The IndexSearcher itself is configured in the ApplicationContext using XML and injected into the bean. This is shown below. The Spring container takes care of instantiating the beans at application startup, so you would know at application startup if there is a problem with building the IndexSearcher possibly because of a bad directory mapping. Because our new Searcher extends LuceneSearchSupport, the searcher will be closed at application shutdown, so we dont have to worry about it. Finally, using Spring enables us to put all of our configuration information into the ApplicationContext, and since this is XML rather than Java code, it is easier to maintain.

 1
 2
 3
 4
 5
 6
 7
 8
 9
10
11
12
13
14
  <bean id="fsDirectory" class="org.springmodules.lucene.index.support.FSDirectoryFactoryBean">
    <property name="location" value="file:/path/to/index/" />
  </bean>

  <bean id="searcherFactory" class="org.springmodules.lucene.search.factory.SimpleSearcherFactory">
    <property name="directory" ref="fsDirectory" />
  </bean>

  <bean id="springLuceneSearcher" class="com.mycompany.SpringLuceneSearcher">
    <property name="searcherFactory" ref="searcherFactory" />
    <property name="analyzer">
      <bean class="org.apache.lucene.analysis.SimpleAnalyzer" />
    </property>
  </bean>

Obviously, this covers a very simple usage case. However, the Lucene SpringModule covers advanced usages as well. Instead of the SimpleSearcherFactory, you could use the ParallelSearcherFactory or the ParallelMultiSearcherFactory to get back various types of Searchers. The LuceneTemplate (which is returned from the call to LuceneSearchSupport.getTemplate()) also offers a variety of search() methods that correspond to the various search() methods available in the IndexSearcher.

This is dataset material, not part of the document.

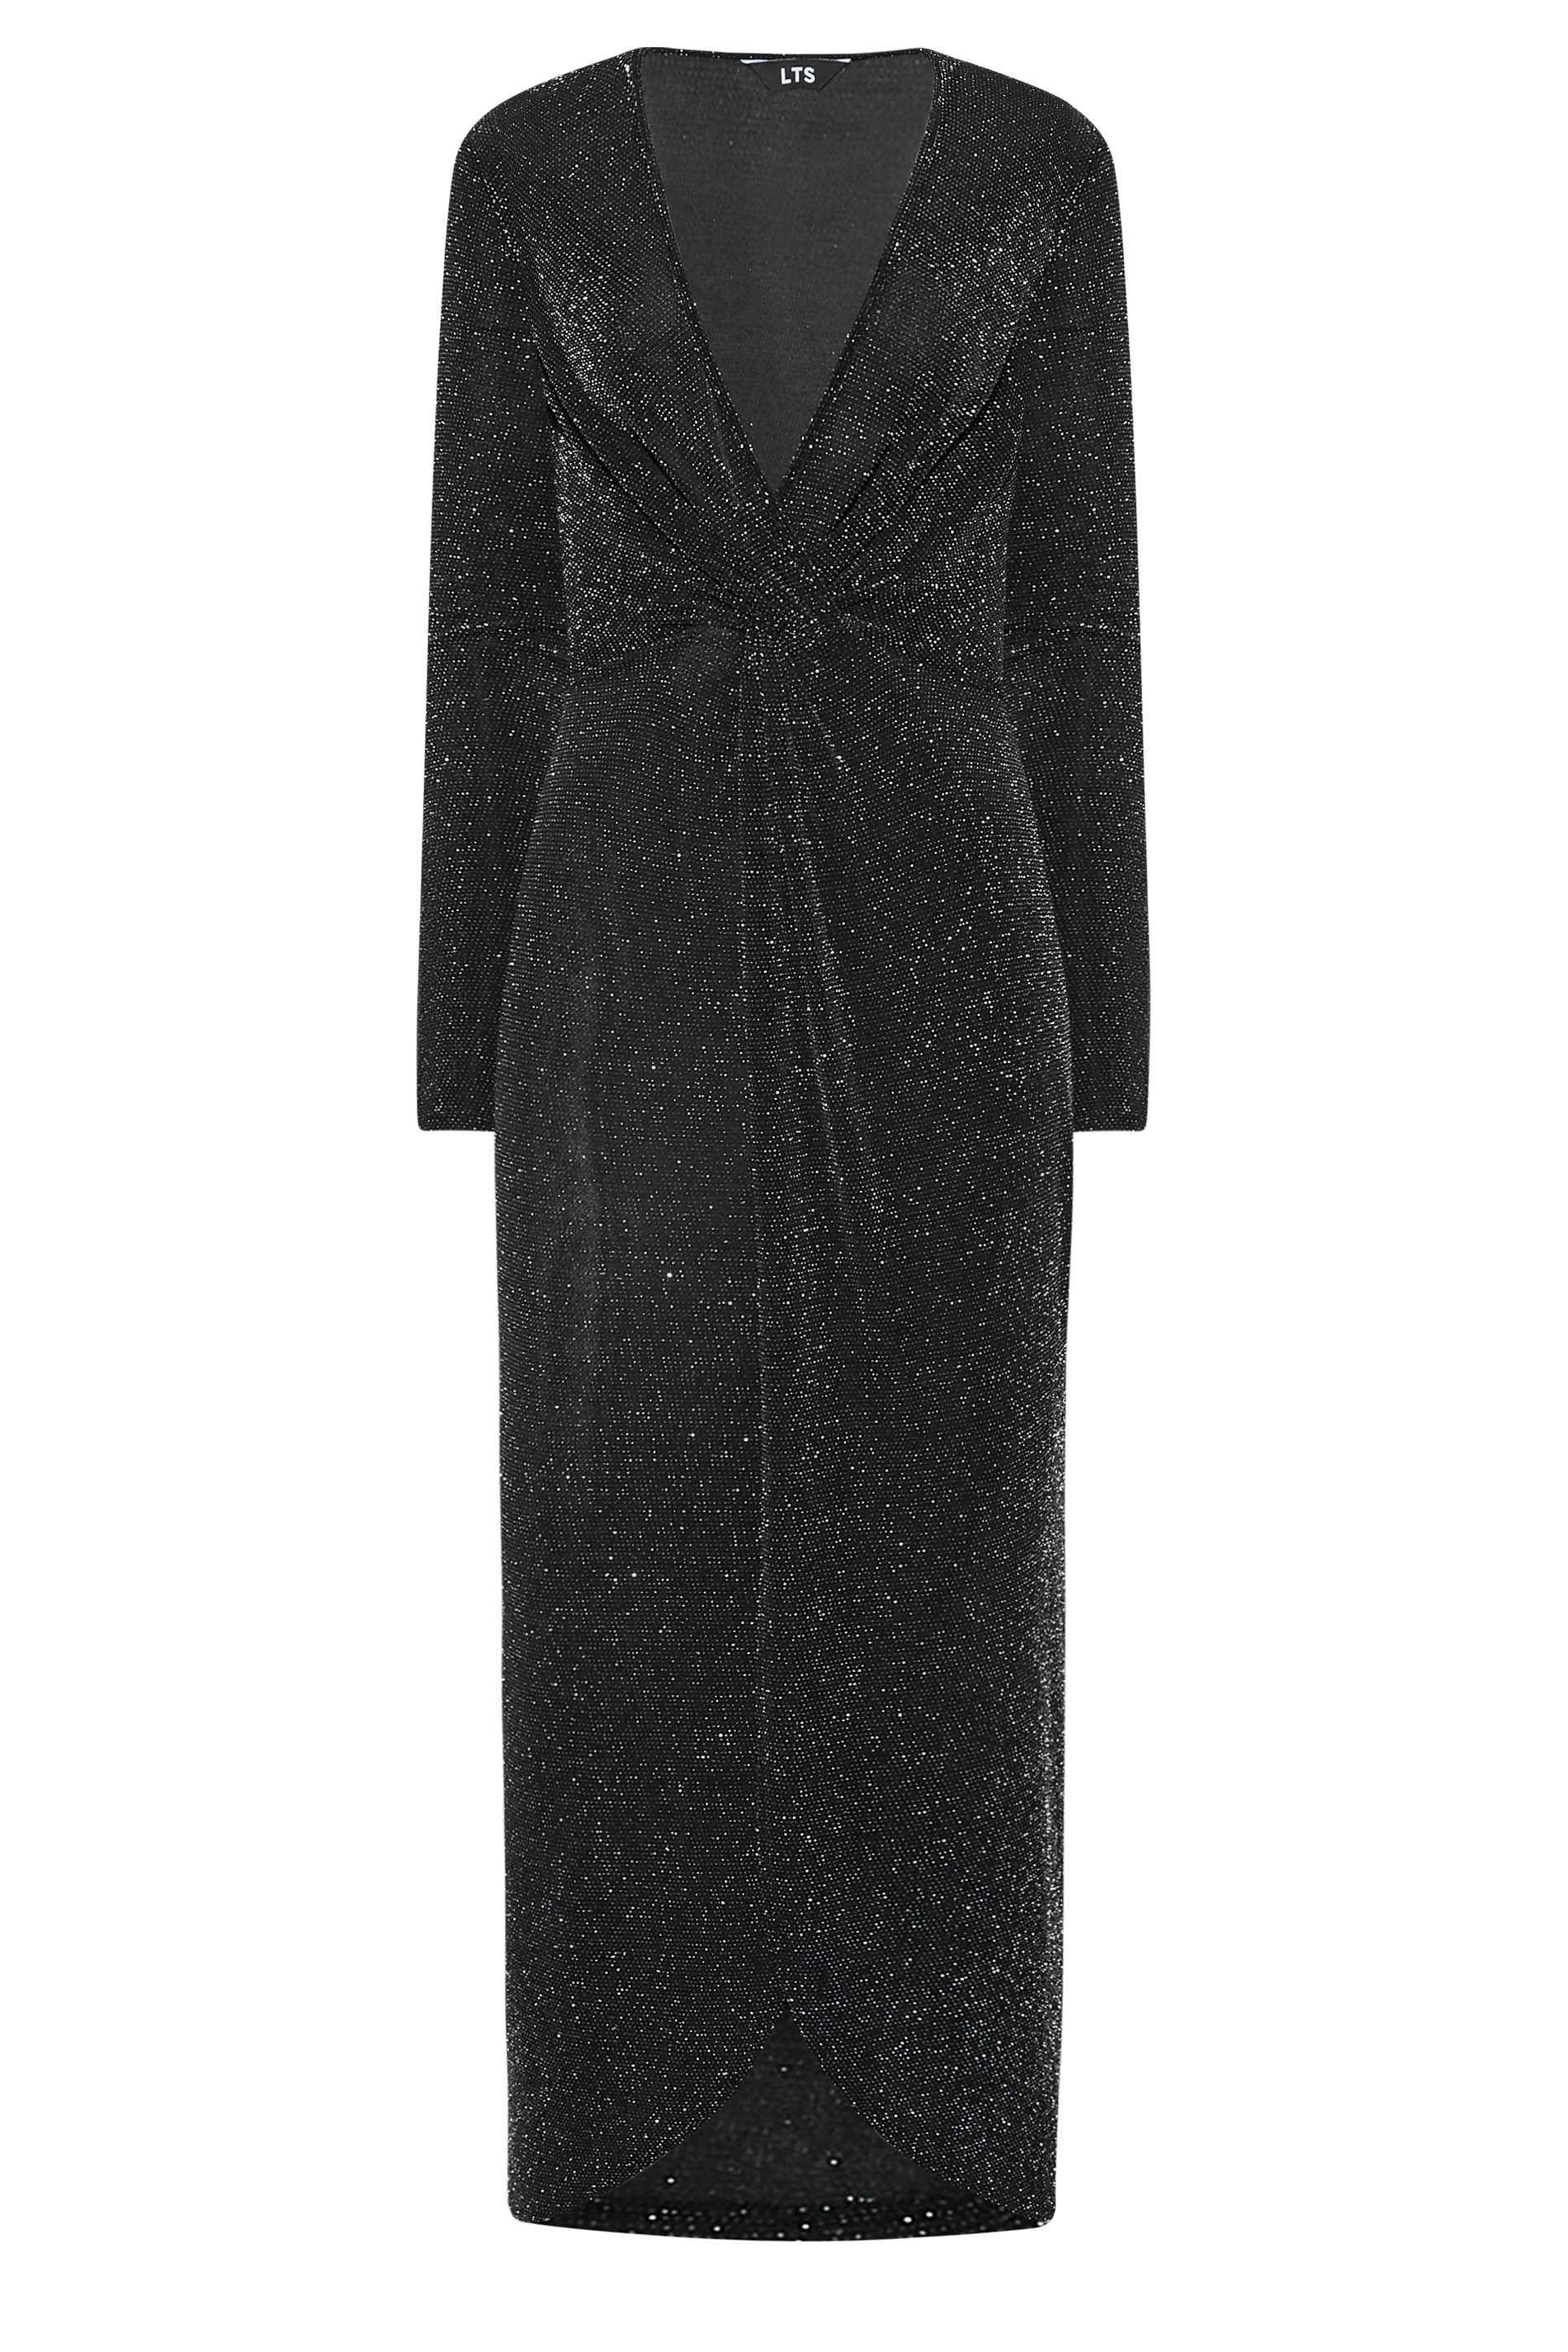 LTS Tall Women's Black & Silver Glitter Wrap Midi Dress | Long Tall Sally 2

Personally, I was quite impressed with the Lucene SpringModule. I found it to be easy to use, and it resulted in more robust, cleaner code. I plan to use it more in the future. If you know of any reasons why I should not, please let me know.

2 comments (moderated to prevent spam):

Lukas said...

You should definitely give a try to Compass (www.opensymphony.com/compass/). It's integration with Spring is easy and it allows you to also index domain objects (which are typically stored in database) just using annotations. I will write some post on my blog in the future if I have a chance.

Sujit Pal said...

Thank you, compass looks interesting. I just finished implementing something similar (not completely though, and smaller in scale, so not sure if a better approach would have been to customize compass from my cursory understanding of its features), so I should at least look at it as a source of ideas.